The corr()
method in Pandas is used to compute the pairwise correlation coefficients of columns.
A correlation coefficient is a statistical measure that describes the extent to which two variables are related to each other.
Example
import pandas as pd
# sample DataFrame with numeric data
data = {'A': [3, 2, 1],
'B': [4, 6, 5],
'C': [7, 18, 91]}
df = pd.DataFrame(data)
# compute correlation matrix
correlation_matrix = df.corr()
print(correlation_matrix)
'''
Output
A B C
A 1.000000 -0.50000 -0.919953
B -0.500000 1.00000 0.120470
C -0.919953 0.12047 1.000000
'''
corr() Syntax
The syntax of the corr()
method in Pandas is:
df.corr(method='pearson', min_periods=1, numeric_only=False)
corr() Arguments
The corr()
method takes the following arguments:
method
(optional): method to calculate correlationmin_periods
(optional): minimum number of observations required per pair of columns to have a valid resultnumeric_only
(optional): whether to include only numeric data types
corr() Return Value
The corr()
method returns a DataFrame containing correlation coefficients between columns.
Example 1: Default Pearson Correlation Coefficient
import pandas as pd
# sample DataFrame with numeric data
data = {'A': [3, 2, 1],
'B': [4, 6, 5],
'C': [7, 18, 91]}
df = pd.DataFrame(data)
# compute correlation matrix
correlation_matrix = df.corr()
print(correlation_matrix)
Output
A B C A 1.000000 -0.50000 -0.919953 B -0.500000 1.00000 0.120470 C -0.919953 0.12047 1.000000
In this example, we demonstrated the default use of the corr()
method for calculating the Pearson correlation coefficient for each pair of columns.
Example 2: Kendall Tau Correlation Coefficient
import pandas as pd
# sample DataFrame with numeric data
data = {'A': [3, 2, 1],
'B': [4, 6, 5],
'C': [7, 18, 91]}
df = pd.DataFrame(data)
# compute correlation matrix
correlation_matrix = df.corr(method='kendall')
print(correlation_matrix)
Output
A B C A 1.000000 -0.333333 -1.000000 B -0.333333 1.000000 0.333333 C -1.000000 0.333333 1.000000
In this example, we calculated the Kendall Tau correlation coefficient for each pair of columns using method='kendall'
.
To learn about correlation and different correlation methods in detail, please visit Pandas Correlation.
Example 3: Specify Minimum Number of Observations
import pandas as pd
# sample DataFrame with numeric data
data = {'A': [1, 2, 3, None, None],
'B': [4, 7, None, None, None],
'C': [7, 9, 8, None, None]}
df = pd.DataFrame(data)
# specify minimum number of observations required to perform computation
correlation_matrix = df.corr(min_periods=3)
print(correlation_matrix)
Output
A B C A 1.0 NaN 0.5 B NaN NaN NaN C 0.5 NaN 1.0
In this example, the DataFrame df contains None
values representing missing data.
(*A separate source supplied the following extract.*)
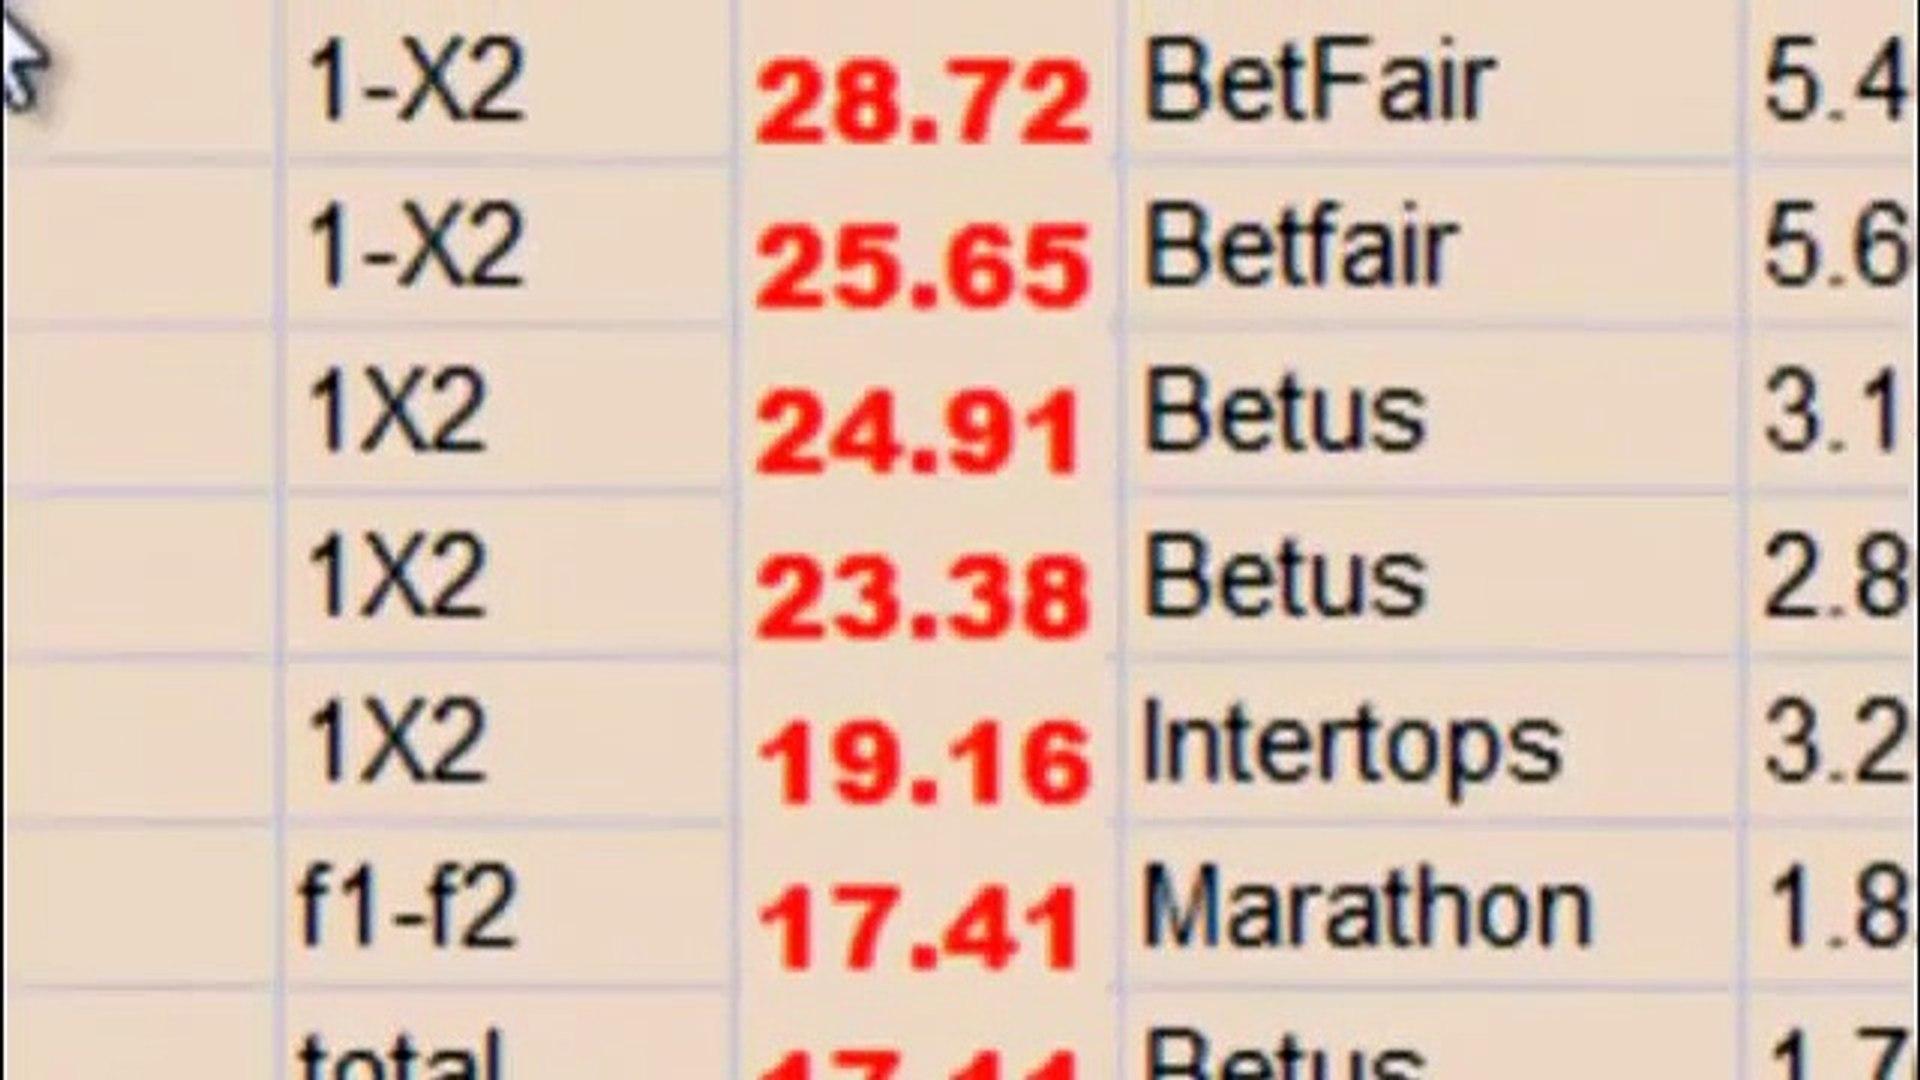 100 percent winners sports betting software downloads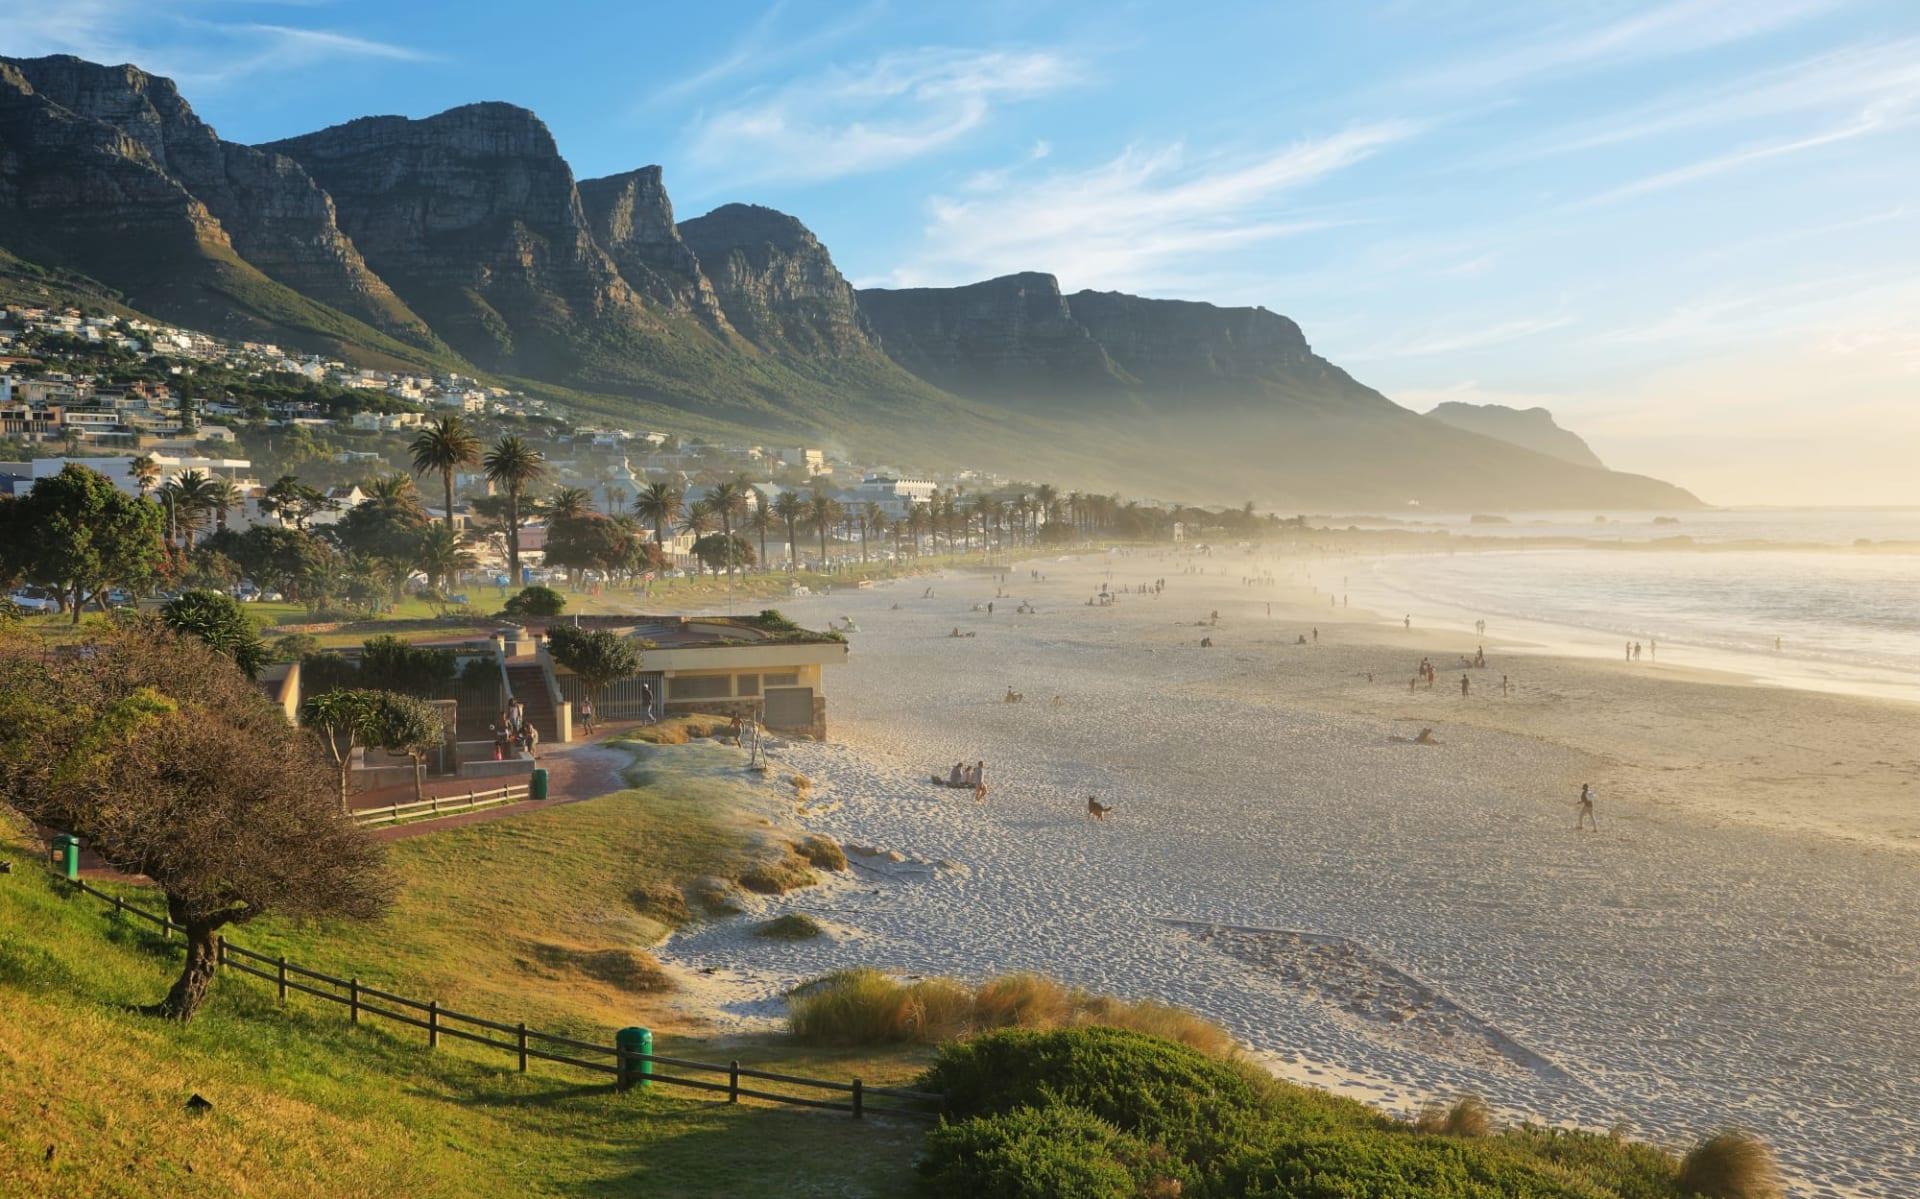 Südafrika erfahren ab Kapstadt: Kapstadt - Camps Bay

By setting min_periods=3
, we specified that at least three non-null observations are required to compute a correlation coefficient for each pair of columns.
Here, since the B
column contains only two non-null values, the correlation coefficients involving B
are not calculated.
Example 4: Calculate Correlation for Numeric Data Only
import pandas as pd
# sample DataFrame
data = {'A': [3, 2, 'A', 1],
'B': [4, 6, 5, 7],
'C': [7, 18.5, 91, 55]}
df = pd.DataFrame(data)
# compute correlation matrix
correlation_matrix = df.corr(numeric_only=True)
print(correlation_matrix)
Output
B C B 1.00000 0.24257 C 0.24257 1.00000
In this example, we used the numeric_only=True
argument to skip the columns with non-numeric data. As a result, column A
is excluded from the computation.
This argument is useful to avoid ValueError
due to the presence of non-numeric data in the DataFrame.